Event factory renee gladman

I’m not sure how far Gladman’s fantastic Ravickian worlding has spread betond smaller literary, artistic, critical conclaves. She reached me by way of Lucy Ives' article on the “weak novel” (after listening to Ives on a BISR’s podcast paneling the same topic). (I’ve since bought almost every book Ives mentions in this article; I’m on a rapid tour of postmodern anti-novels.)

I’m curious who would fancy this book. I loved it. But I love a good ontological drift through space-time. Are we meant to be reading the artifactual record of the protagonist’s survey? Nope. Maybe? This isn’t the same kind of world-inhabiting, context-laden ethnography that frequents the beginnings of book parts and chapters in sci-fi and fantasy volumes. Well, perhaps it is a long opener as the first of many books.

What feels most real is that Gladman’s text is constantly in question.

Dorothy (the publisher) leaves far too much margin.

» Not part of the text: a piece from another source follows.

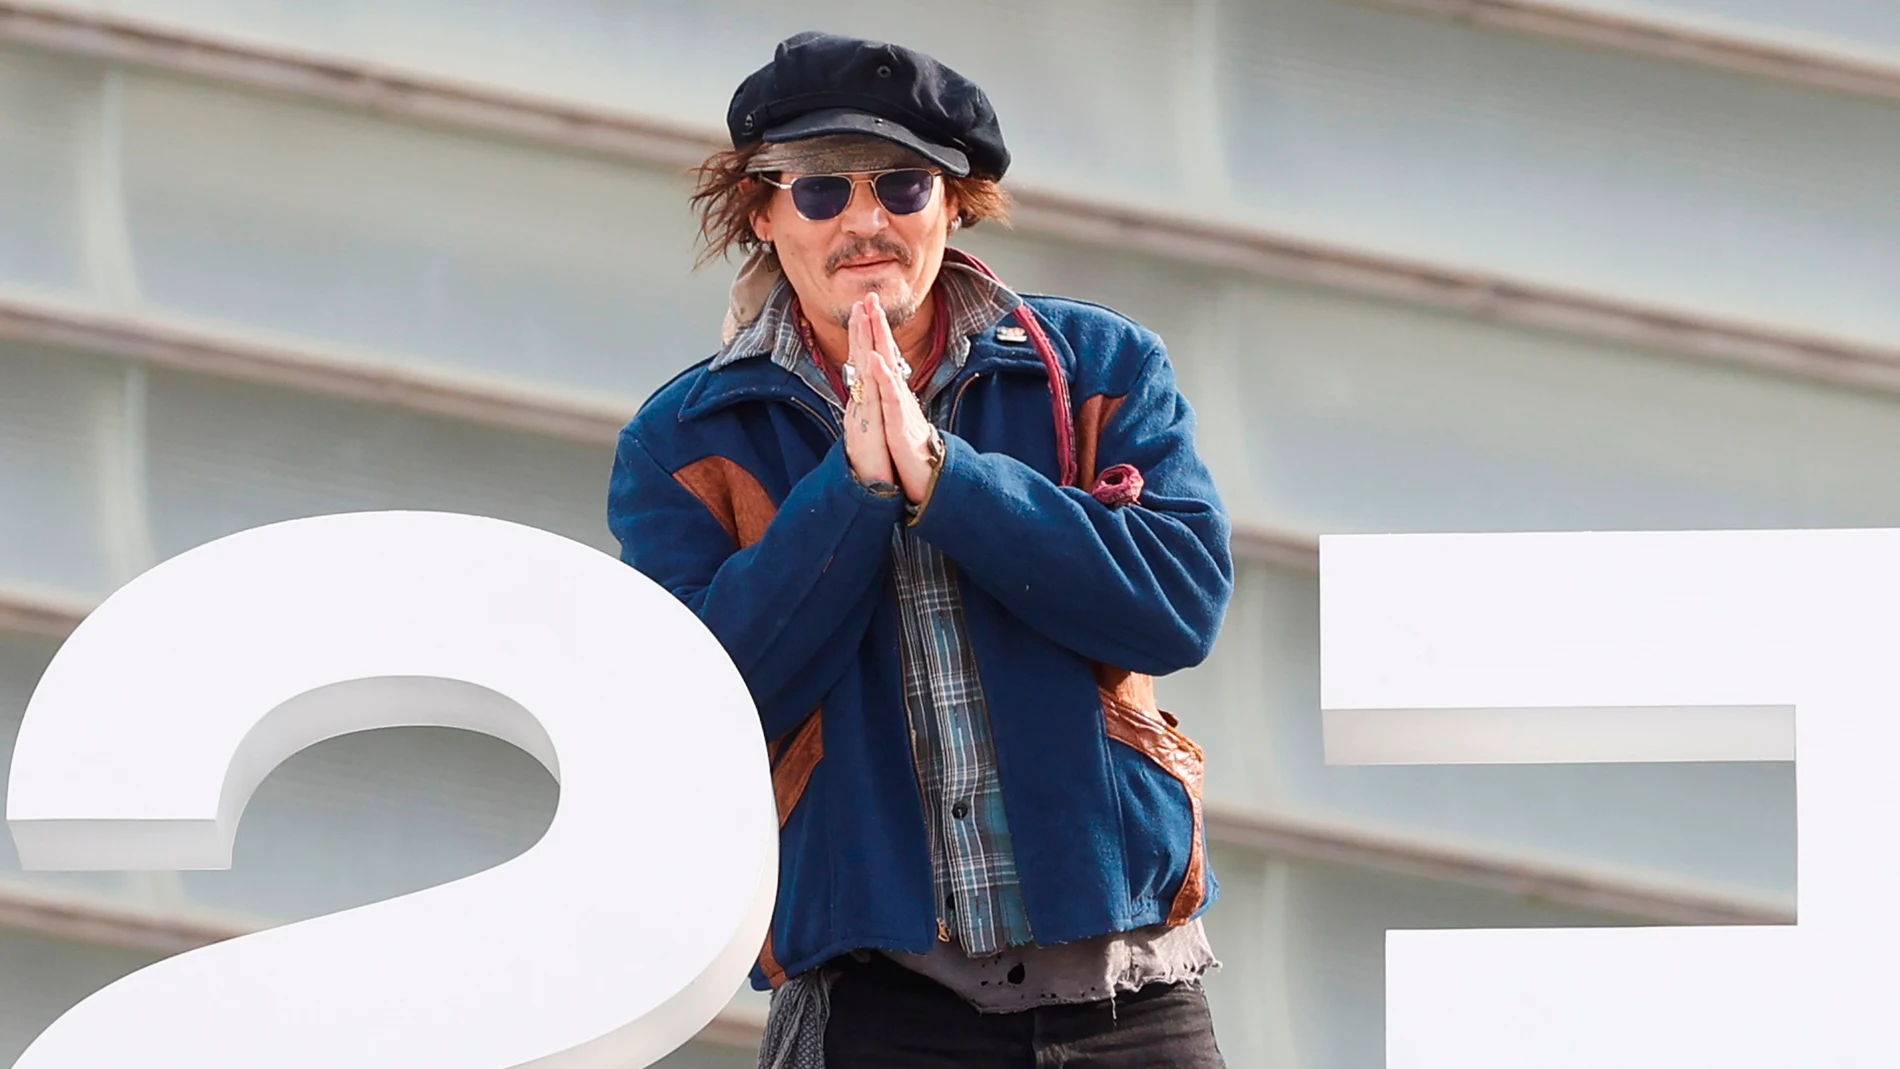 GRAFCAV8546. SAN SEBASTIÁN, 22/09/2021.- El actor estadounidense Johnny Depp posa este miércoles en la 69 edición del Festival de Cine de San Sebastián, donde esta noche recibirá el Premio Donostia de la 96 edición del certamen. EFE/Javier Etxezarreta

The story can hardly get going since getting past “Hello” is nearly impossible. It’s some kind of language issue. But also architectural, since the built world is in some kind of crisis or revolution. Something really bad is happening on Ravicka, and we don’t get enough for a complete analysis. What’s maddening is that the locals seem to brush it off. But it’s not a total wash in the yellow. There are wonderfully concrete and vivid moments of the Ravickian world. It’s not simply abstract for abstract’s fancy. There are stakes here for Gladman. That’s what makes this anti-novel of sorts hard to dismiss. We oscillate between a strong foothold and floatation. Personally I find it seductive-enough.

Is Ravicka even a faraway planet at all? Could other worlds be close, not worlds away?

There are also gestures that feel fresh and exciting, partly because they are given so much room. Is this record incomplete? Were parts intentionally left out? Were they lost? Did they never happen? Sex with strangers. Music is important. Underground civilizations. Dancing is important to speak. Writhing to speak. Unlikely inter-species/cultural collaborations. Going to and waking from sleep. Sleep is important. Obvious love lost, longing. A book that de-centers the written and spoken word, somehow, while concerned with it and the slippage of translation; including awkward encounters with native speakers and their disinterest. Gladman’s person is put through tenderness and saddening separation with every encounter.

This is a small book that you cannot breeze through. But it is pleasure book bound.